ETA2024 Poster Presentations Thyoid cancer case reports-1 (9 abstracts)
1401 General Military Hospital of Athens, Endocrine Department - Thyroid Cancer Outpatient Clinic, Athens, Greece; 2Alpha Evresis Diagnostic Centre, Department of Radiology, Nicosia, Cyprus
Introduction: Pregnancy is not considered as a risk factor for recurrence in a previously treated DTC with excellent response to therapy. However, in cases of structural or/and biochemical incomplete response, diligent monitoring is of value including, neck ultrasound (U/S), thyroglobulin (Tg) and Tg-antibodies assessment, especially in cases of distant metastatic disease where scarce data exist.
Case report: A 27-year-old female patient was diagnosed in 12/2017 with a left lobe papillary thyroid carcinoma (max diameter (d): 5 cm, infiltrative follicular pattern without extrathyroidal extension). Whole body scan (WBS) after radioiodine (RAI) (03/2018, 100 mCi) revealed uptake in the thyroid bed and lower lung fields (LLFs) (Tg: 227 ng/ml, TSH: 59.4 mUI/mL). 4 nodules (d < 5 mm) in the LLFs were documented in a chest computed tomography (CT) scan while a hypoechoic left cervical lymph node (LN) (d: 0.50 x 0.36 cm) was revealed in the U/S. 7 months (mos) after RAI (10/2018 - Tg: 1.94 ng/ml, TSH < 0.01 mUI/mL), diagnostic WBS under recombinant human TSH was negative for abnormal uptake (Tg: 7.64 ng/mL, TSH: 82.7 mUI/mL). During re-evaluation (07/2020 - Tg: 4.3 ng/mL, TSH < 0.01 mUI/mL) chest CT revealed suspicious nodule (d < 0.5 mm) of the left LLF (lingula) and a left axillary LN (d:11 x 4 mm), while neck U/S remained unchanged. In 02/2021 first pregnancy was documented (TSH throughout pregnancy: 0.01 - 0.03 mUI/mL); a gradual increase in Tg was observed to a maximum level of 32.6 ng/mL, noted one month after a healthy female offspring was delivered. Tg progressively decreased 3 mos later (19.1 ng/mL) without any therapeutical intervention. Nevertheless, due to persistently elevated levels (18 - 20 ng/mL) with unchanged neck U/S, second RAI (03/2022 - 150 mCi) was performed revealing uptake in the LLFs (Tg: 120 ng/mL, TSH: 43 mUI/mL). 18F-fluorodeoxyglucose (FDG) positron emission tomography (PET) - CT 5 mos later (08/2022 - Tg: 10.2 ng/mL, TSH: 0.01 mUI/mL), revealed nodules in, the left LLF (lingula) and the right middle lung lobe with, moderate/low and high FDG uptake, respectively; no remarkable change of the axillary and cervical LNs. In 11/2022 second pregnancy was documented (TSH throughout pregnancy: 0.01 - 0.05 mUI/mL); a gradual increase in Tg was afresh observed to a maximum of 115.36 ng/mL, noted one month after a healthy female offspring was delivered; Tg decreased 2 mos later to 54.52 ng/mL without any therapeutical intervention. 18FDG PET-CT revealed multiple nodules in the LLFs (d: 5 - 10 mm).
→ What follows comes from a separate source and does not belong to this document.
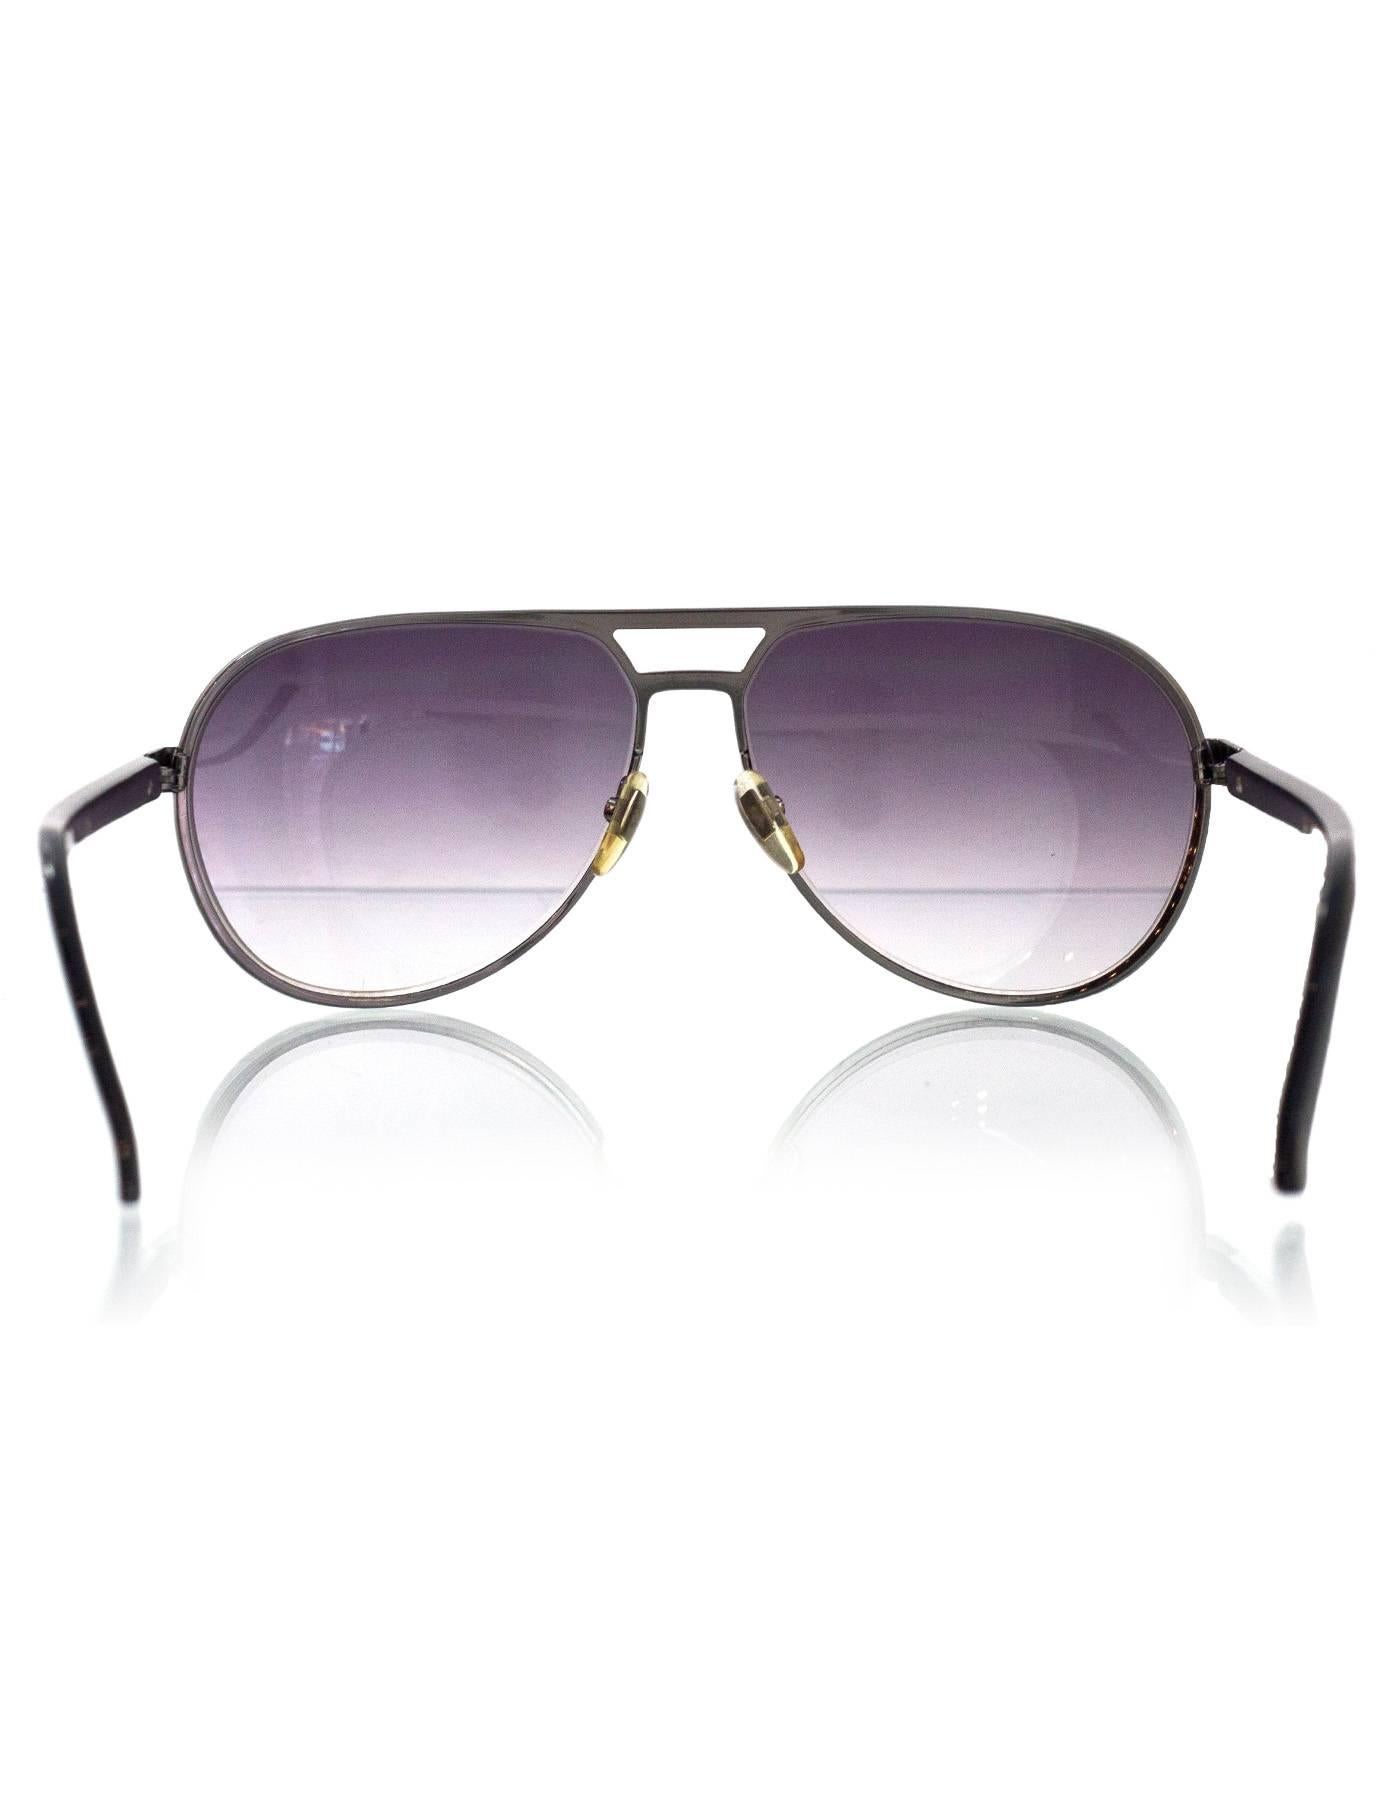 Women's or Men's Gucci Black Aviator Sunglasses

Conclusions: Two consecutive uncomplicated pregnancies led to the delivery of healthy offsprings in a female DTC patient with distant metastatic disease. Tg elevation during pregnancy was followed by structural disease progression, however, decrease to more than half, prior to any therapeutic intervention, possibly suggests that pregnancy related factors may wield a direct effect on Tg levels. Larger studies with similarly selected DTC patients are needed towards evidence-based counseling of this patient subgroup.